Serena Sung Young Lim, Kushagra Trivedi, Laura Cameron, Cassandra Szabo, Dean Reddick, Victor Alhassan, ©UWinnipeg

From left: Serena Sung Young Lim, Kushagra Trivedi, Laura Cameron, Cassandra Szabo, Dean Reddick, Victor Alhassan, ©UWinnipeg

The University of Winnipeg’s Faculty of Graduate Studies hosted its Fifth Annual Three-Minute Thesis Competition  (3MT™) with six courageous student participants. Each student had only three minutes to explain their complex thesis ideas with one static slide using simple language on Tuesday, April 3 in Eckhardt-Gramatté Hall. Dean Reddick took the top prize for explaining his research in finding a solution to best treatments for breast cancer, A Simple Test to Increase Treatment Response of Breast Cancer. Reddick is a Master of Science student in BioScience, Technology, and Public Policy.

Second prize was tied with Laura Cameron (Master of Arts, Indigenous Governance, Indigenous Knowledge, Climate Change) for her presentation Communications: Participatory Video and the Onjisay Aki Climate Summit; and Victor Alhassan, (Master of Science student in Applied Computer Science and Society) for his presentation Automated Map Production Using Deep Neural Networks.

Alhassan also took top prize for People’s Choice award, which was selected by the audience.

The other participants included Kushagra Trivedi, Applied Computer Science; Serena Sung Young Lim, Applied Computer Science; and Cassandra Szabo, Master in Development Practice.

This year’s judges included Senator Marilou McPhedran, Senate of Canada; Dr. Manish Pandey, Acting Vice-President Research and Innovation, UWinnipeg; and Melissa Martin, Reporter, Winnipeg Free Press. To see all the topics by the participants please visit the 3MT™ competition.

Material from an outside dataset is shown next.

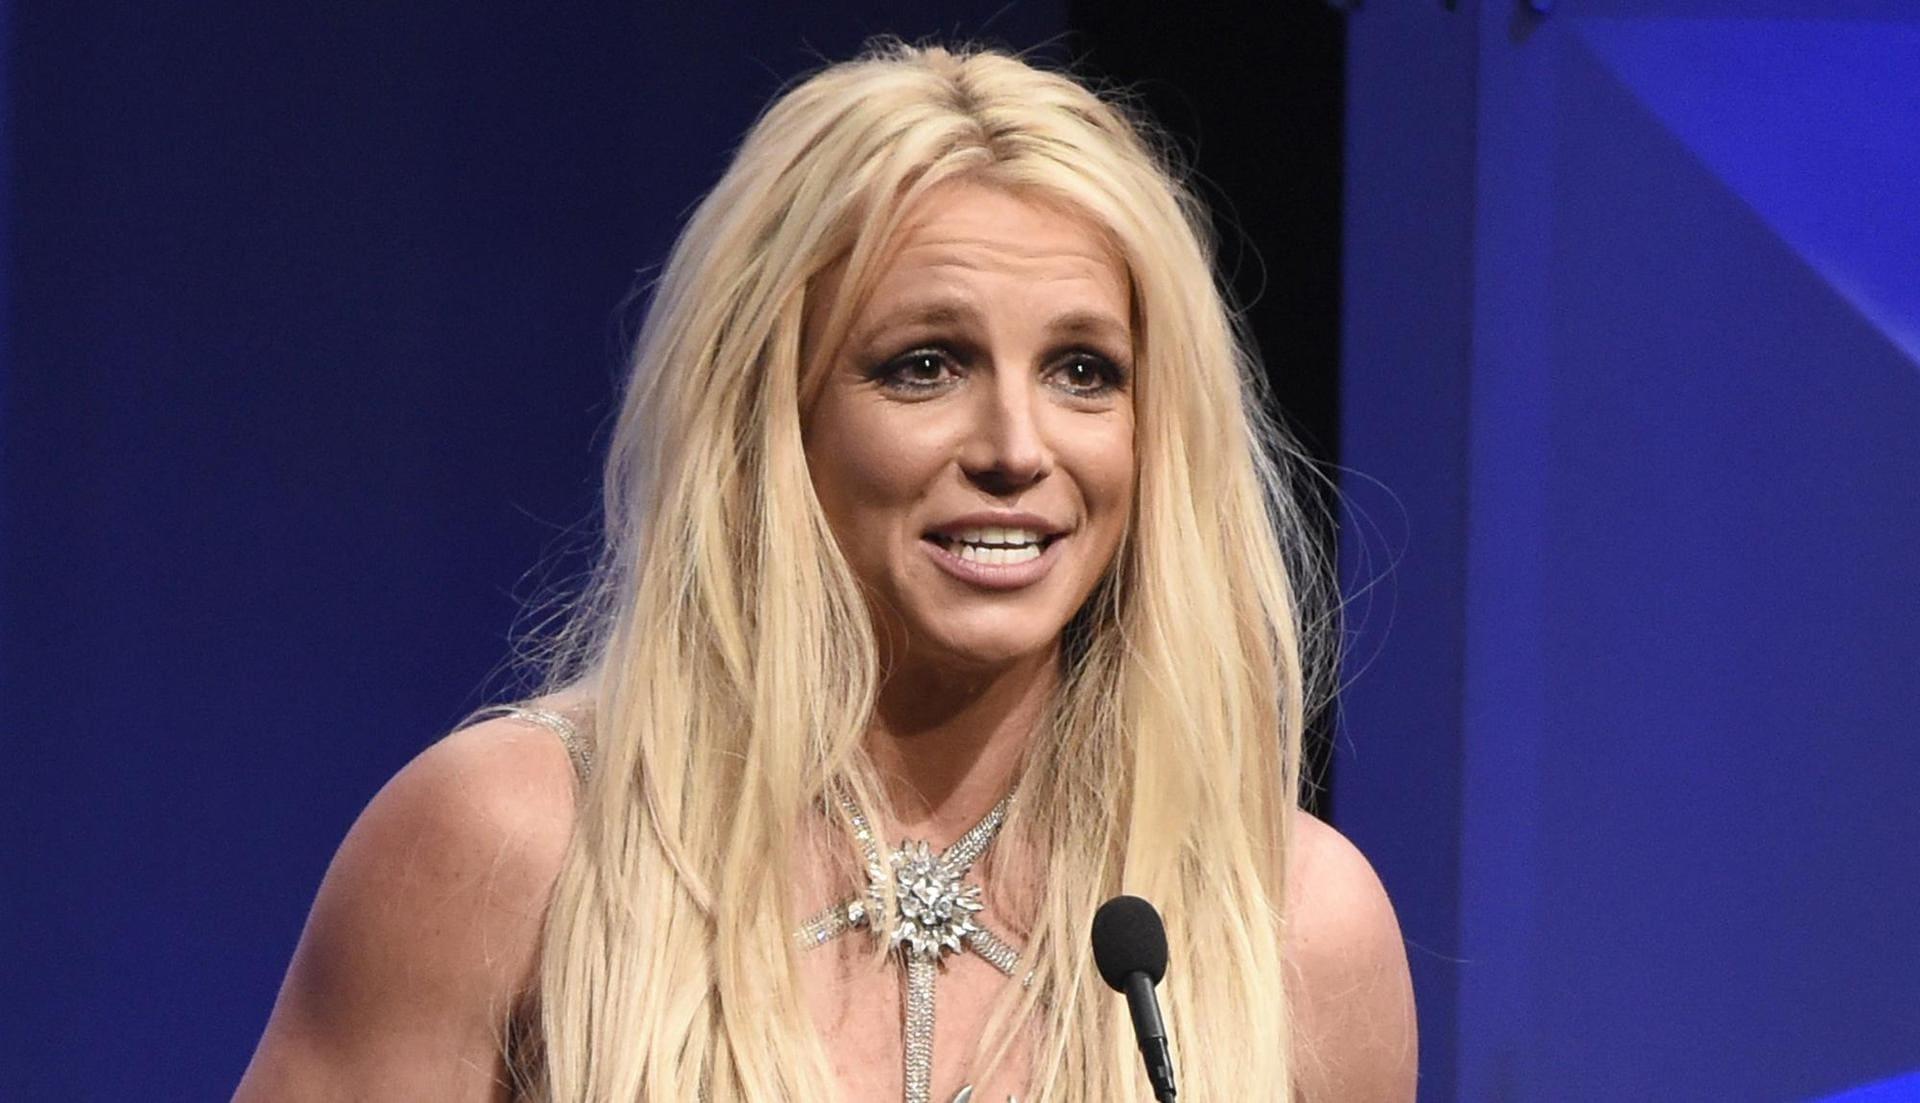 «New York Times»-Doku über Britney Spears' Vormundschaft Hinterfragt
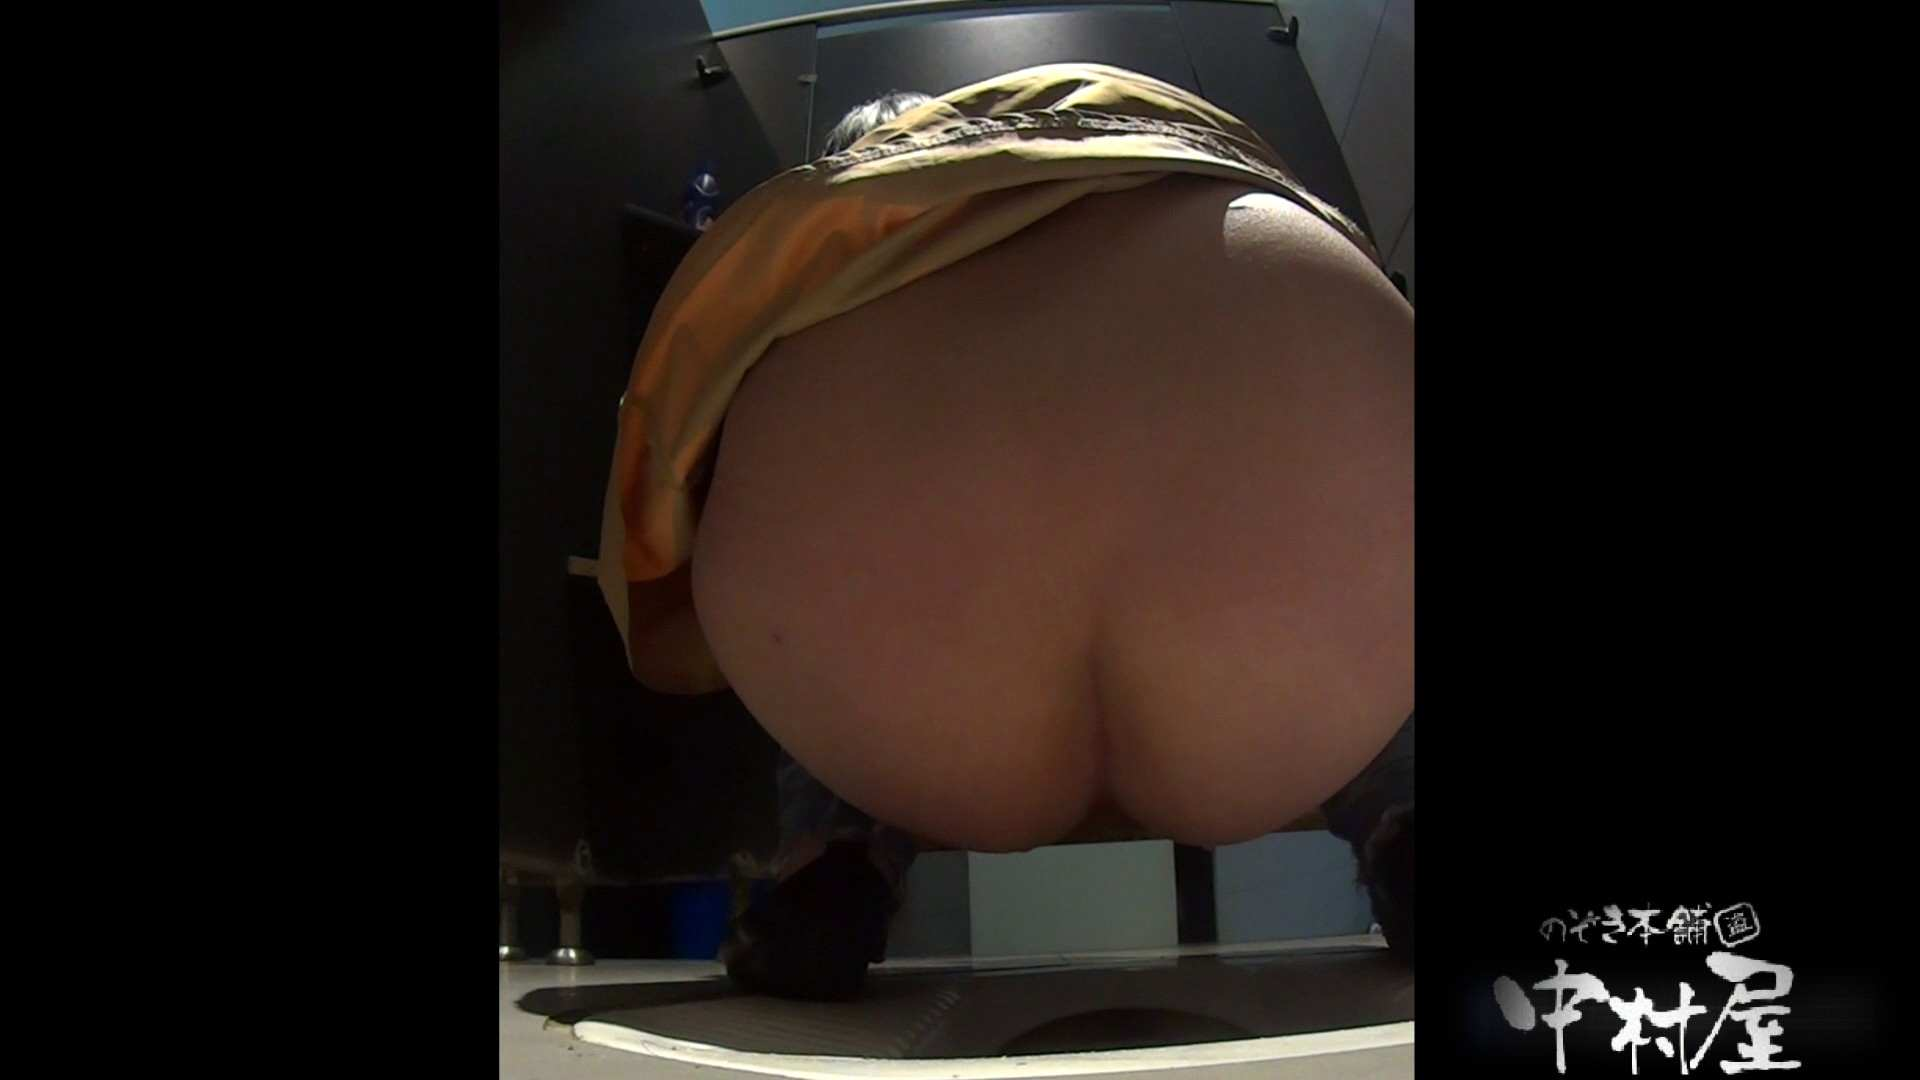 大学休憩時間の洗面所事情22 美女ハメ撮り  81Pix 64

Master’s Students from a variety of graduate programs will compete and reception will follow. 3-Minute Thesis (3MT™) is a research communication competition developed by The University of Queensland which challenges research higher degree students to present a compelling oration on their thesis and its significance in just three minutes in language appropriate to a non-specialist audience.

The 3MT™ competition kick started the University’s inaugural Graduate Studies Research Week.